NS4SED holds forum

Pride of New Scotland forms

NEW SCOTLAND — As one established citizens’ group plans a public forum here, a new group has sprung up.

Pride of New Scotland, Inc. filed with the Department of State’s division of corporations as a not-for-profit organization on Feb. 27.

“Our platform is to bring attention to Local Law I,” said Annie Brill, who is involved with the group, which is still in its genesis and doesn’t yet have a president or officers.

The bill that prompted the group to form was proposed in December by Elizabeth Kormos and Michael Naughton, the two remaining members of the Citizens’ Zoning Advisory Committee, a group appointed by the town board after plans for a shopping center to be anchored by a Target store were made public last spring.  Each town board member chose a committee member and charged the group with recommending ways to align the town’s zoning with its 1994 comprehensive land-use plan.

The formerly five-member group had been divided over the issue of a cap on the allowable square footage for retail buildings in the commercial zone and three members of the committee resigned, claiming Kormos had conflicts of interest.  This included Chairwoman Roselyn Robinson who is Brill’s sister.

Kormos and Naughton then submitted a bill that included a 50,000-square-foot size cap on single retail stores and a 100,000-square-foot cap on shopping centers.

“I don’t think square footage is the key,” Brill said, adding of the figures, “It’s an arbitrary number.”

“That part of the law was derived from the data analysis we conducted,” Kormos answered through the Enterprise yesterday.  The research she did showed that retail developments over 100,000 square feet would require a regional draw because there wouldn’t be enough people in the New Scotland area to support it, she said. 

According to a paper, written in 2004 by a graduate student in the architecture department at the Massachusetts Institute of Technology, which Kormos cited in her research, Target requires a population of 100,000 to 250,000 within five miles.  According to the last census, in 2000, the total population of New Scotland was 8,626 and the population of Albany County was 294,565; estimated figures from the federal Census Bureau put the population of the county at 299,307 in 2007.

“You can find studies on either side of the issue,” Robinson said yesterday, explaining that she, too, had researched large chain retail stores.

Earlier this month, the planning board, in a 5-2 vote, sent a revised Local Law I to the town board that includes new definitions that more than triple the allowable square footage in the commercial zone.

The town board will hold a workshop meeting on April 6 at 4:45 p.m. to discuss both versions of the law.

NS4SED plans forum

To inform people and facilitate debate, the group New Scotlanders 4 Sound Economic Development, of which Kormos is a member, will hold a forum on April 1 at 7 p.m. at the American Legion Hall in Voorheesville, the group announced.  NS4SED formed about a year ago in opposition to Cazenovia-based Sphere Development’s proposal.  Sphere initially proposed building a 750,000-square-foot retail center at the intersection of routes 85 and 85A, the site of the old Bender melon farm.  It has since scaled back its plans to total 350,000 to 400,000 square feet, but maintains that it needs the 137,000-sqaure-foot Target store to make the development viable.

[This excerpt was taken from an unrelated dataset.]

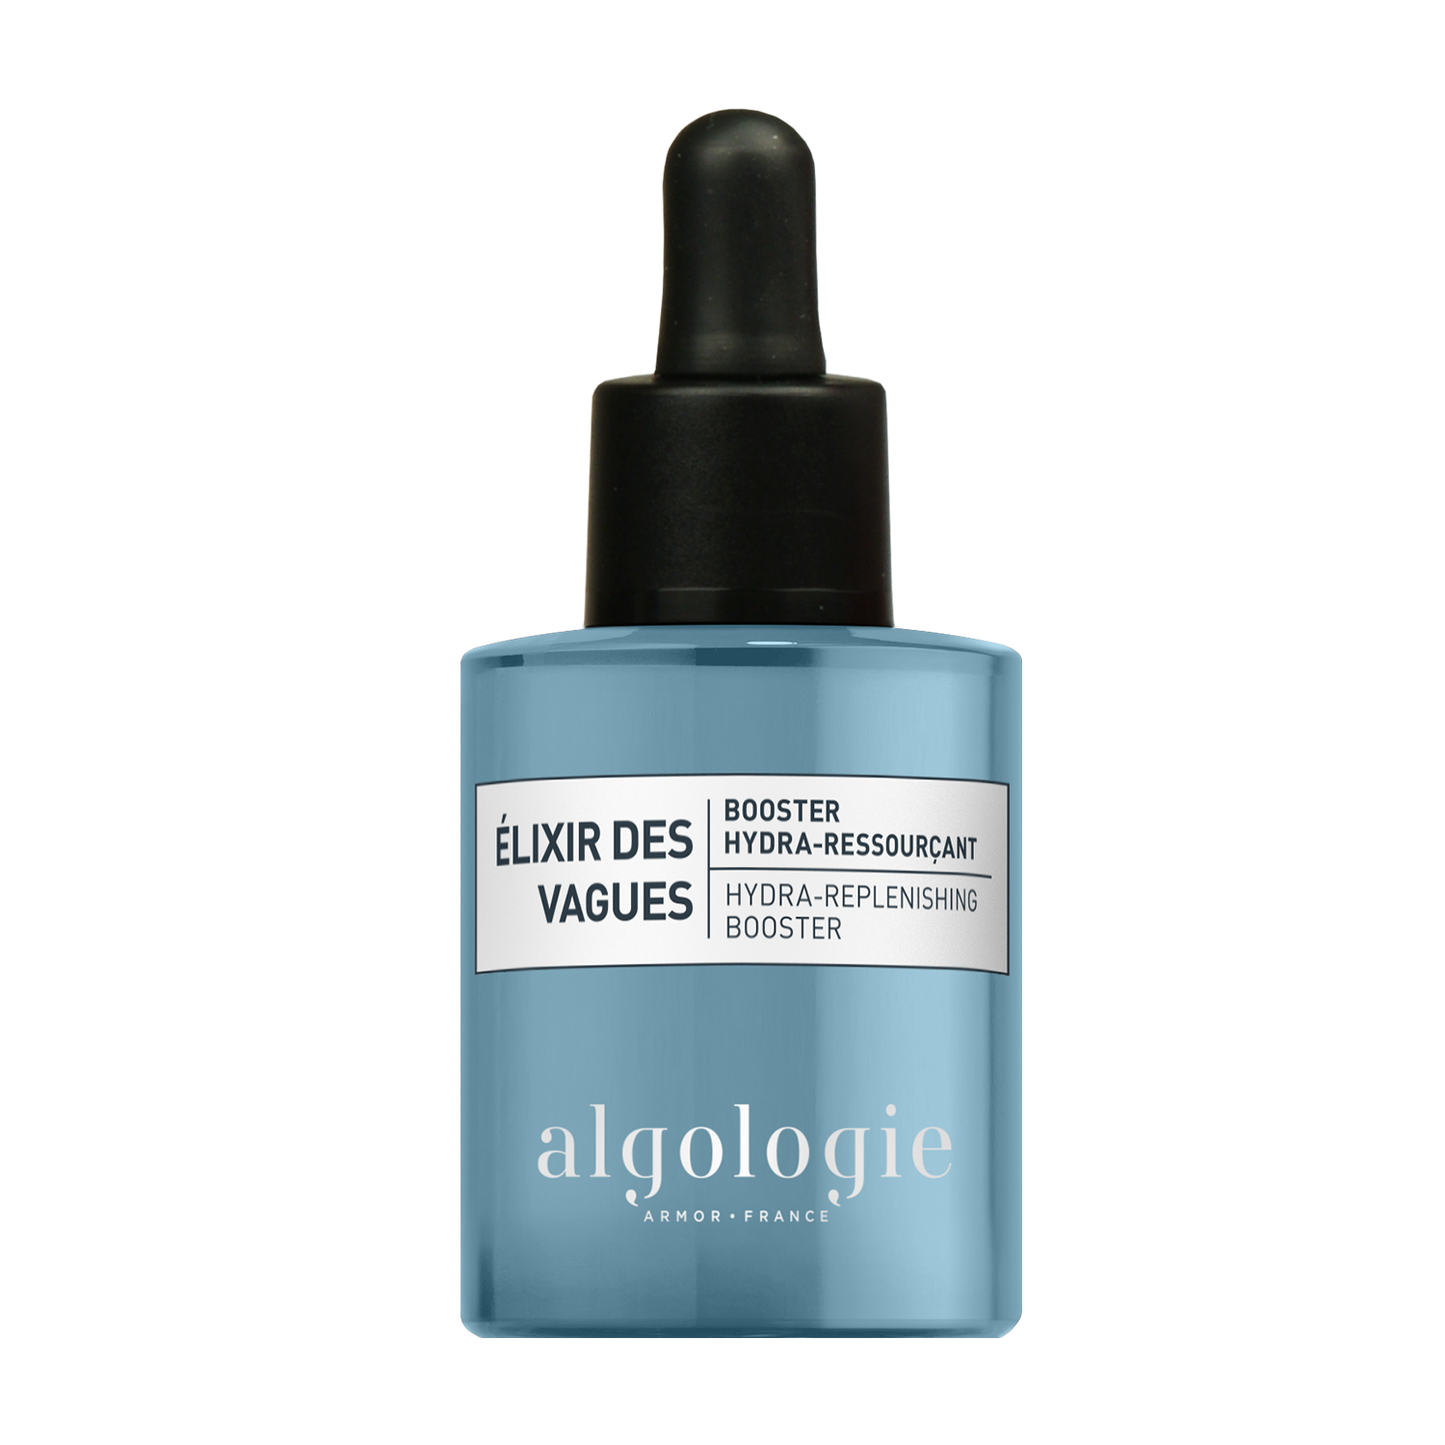 Algologie Hydra-Replenishing Booster
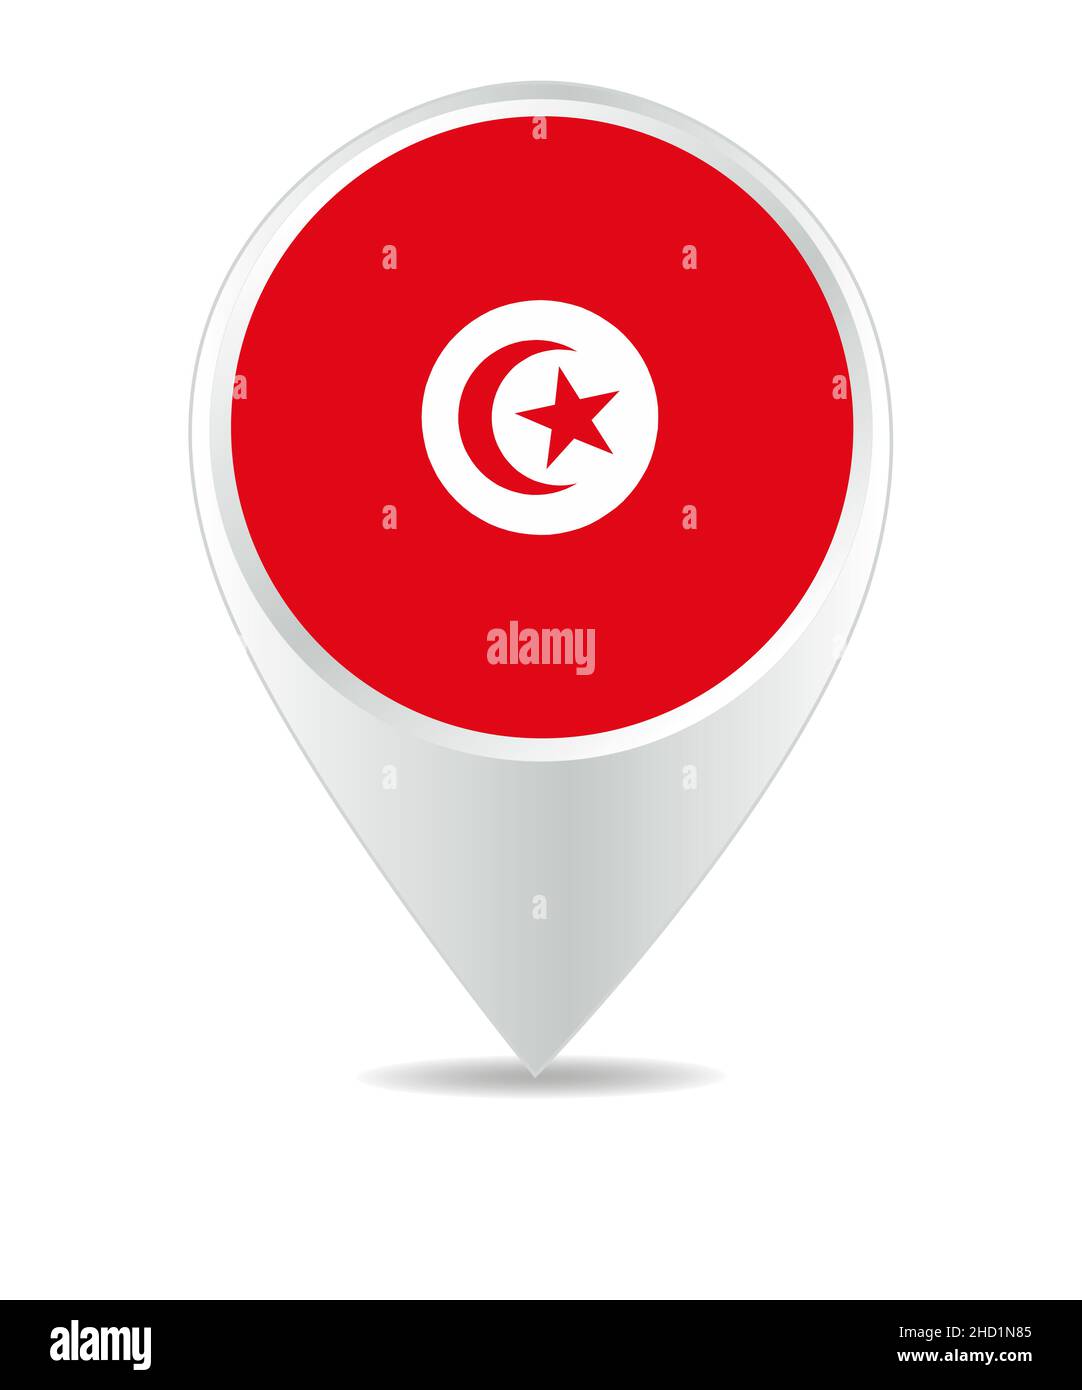 Location Icon for Tunisia Flag, Vector Stock Photo

According to Bob Prentiss, an active member of the group, the forum will feature five panelists with varying areas of expertise including Jeff Baker, an attorney familiar with environmental, zoning, and land-use laws; Kormos, who is the president of her real estate consulting firm; Dr. Marian Mudar, an environmental scientist who works with the New York State Transportation Department’s office of environment; Ed Clark, the town’s former supervisor who was Voorheesville’s mayor for nearly two decades; Kurt Anderson, a civil engineer and long-time New Scotland resident; and Dr. David A. Lewis, an assistant professor of geography and planning at the University at Albany.

Robinson hasn’t yet decided if she will attend the forum, which is titled: Big Box Forum.

“I am not attending,” said Brill.  “It’s not about a big box to me.”  The proposed Local Law I affects all of the commercial and industrial zones in New Scotland, she said, not just the old Bender melon farm where the development was proposed.  “This is much broader than a big-box store,” she said.

“A whole lot of fear has been created,” said Brill, concluding, “Out of fear comes bad policy.” 

Each proposal that comes to the town should be looked at on its own merits, she said, rather than excluding a proposal based on size.

If a developer has plans for something larger than the allowed size, Kormos said, “All [he or she has] to do is apply for a PUD.”  The Planned Unit Application puts the developer in front of the elected town board for approval, rather than the appointed planning board, she said.

So far, Pride of New Scotland, Inc. has had about 15 to 20 people, many of whom have been different, at its meetings, said Robinson, who hasn’t yet decided if she will be a member.  Right now, she called the meetings, “very informal.”